Projects with a critical deadline require an early start:
An IT manager and a normal person are both working in Chicago on a Wednesday afternoon when they learn that they have to be in San Francisco for a noon meeting on Friday and that it’s imperative to be on time. The normal person– let’s call her Diane– takes a Thursday evening flight and checks herself into that pleasant little hotel just down the block from the San Francisco office. She has a leisurely dinner at Hunam and wanders over to Union Street to take in a film. The next morning, she has a relaxed breakfast and works on her laptop until eleven. She checks out at 11:30 and strolls into the office ten minutes early.
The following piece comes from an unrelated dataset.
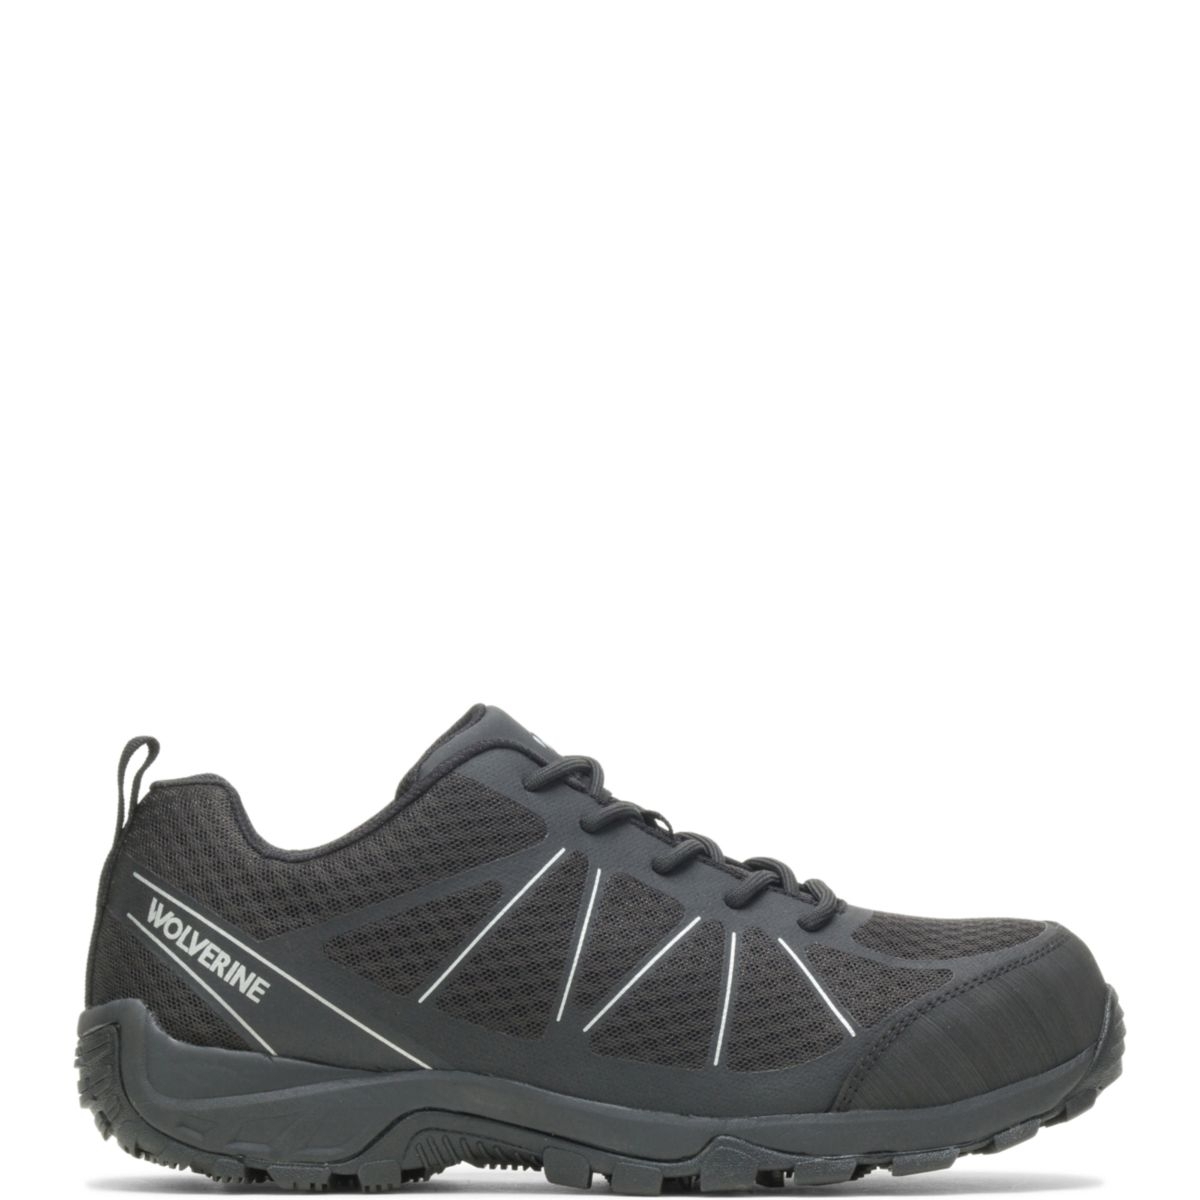 WOLVERINE Men's Amherst II CarbonMAXÂ® Composite Toe Work Shoe Black - W201147 BLACK - BLACK, 11.5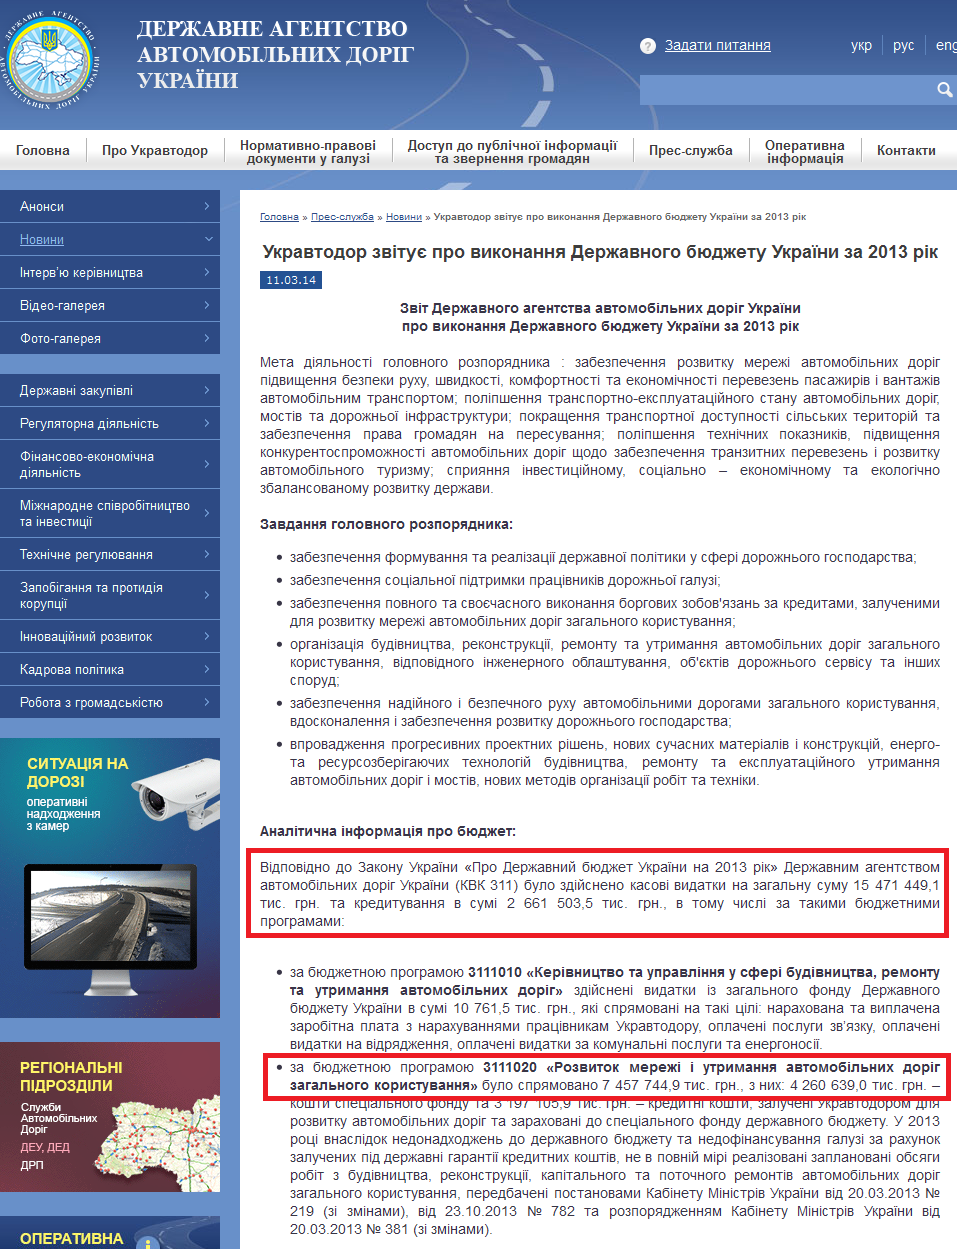 http://www.ukravtodor.gov.ua/novini/%D1%81_ukravtodor-zvitu%D1%94-pro-vikonannya-derzhavnogo-byudzhetu-ukraini-za-2013-rik.html

Meanwhile, the IT manager, Jack, has booked himself on the 8:40, Friday morning. He catches a cab midtown on at 7:05 and runs into a traffic jam on the Eisenhower. He complains angrily to the cabdriver all the way to O’Hare. The stupid driver just can’t be made to understand that it is essential that Jack make this flight. When he checks in at UNited, he tells the check-in clerk rather forcefully that the flight must take off and land on time, no excuses. He tells her that he will be “very, very disappointed” with any lateness. When a gate hold is announced, Jack jumps up and objects loudly. When a revised departure time is announced, he digs deep into his bag of managerial tools and delivers the ultimate pronouncement: “If you people don’t get me into San Francisco in time for my noon meeting, HEADS WILL ROLL!”
How to decide what to build: costs and benefits need to be specified with equal precision. When a benefit cannot be stated more precisely than “We gotta have it,” then the cost specification should be “It’s gonna be expensive.”
“The savings figures also are classified by whether they are reductions or avoided costs. The difference is important. Reductions are decrements from current approved budget levels. You (the requesting manager) already have the money; you are agreeing to give it up if you get the money for the new system. Avoided cost savings are of this form: ‘If I don’t have this system, I will have to hire another in . But if I do get this system, I can avoid this cost.’ This is every system requester’s favorite kind of benefit: all promise, no pain. The catch is that there is no reason to believe you’d ever have been funded to hire those additional workers. You’re trading off operating funds you may never get in the future for capital funds today. Very tempting, but most request-evaluators see this coming miles away. The correct test for avoided-cost benefits is whether the putative avoidable cost is otherwise unavoidable, in other words, that the future budget request would inevitably be approved. This is a tough test, but real avoided-cost benefits can and do pass it.” – Steve McMenamin, Atlantic Systems Guild
If increasing the size of a product exposes you to more-than-proportional increases in cost, then decreasing product size offers the possibility of more-than-proportional savings. Eliminating those portions of the system where the value/cost ratio is low is probably the easiest and best way to relax constraints on time and budget.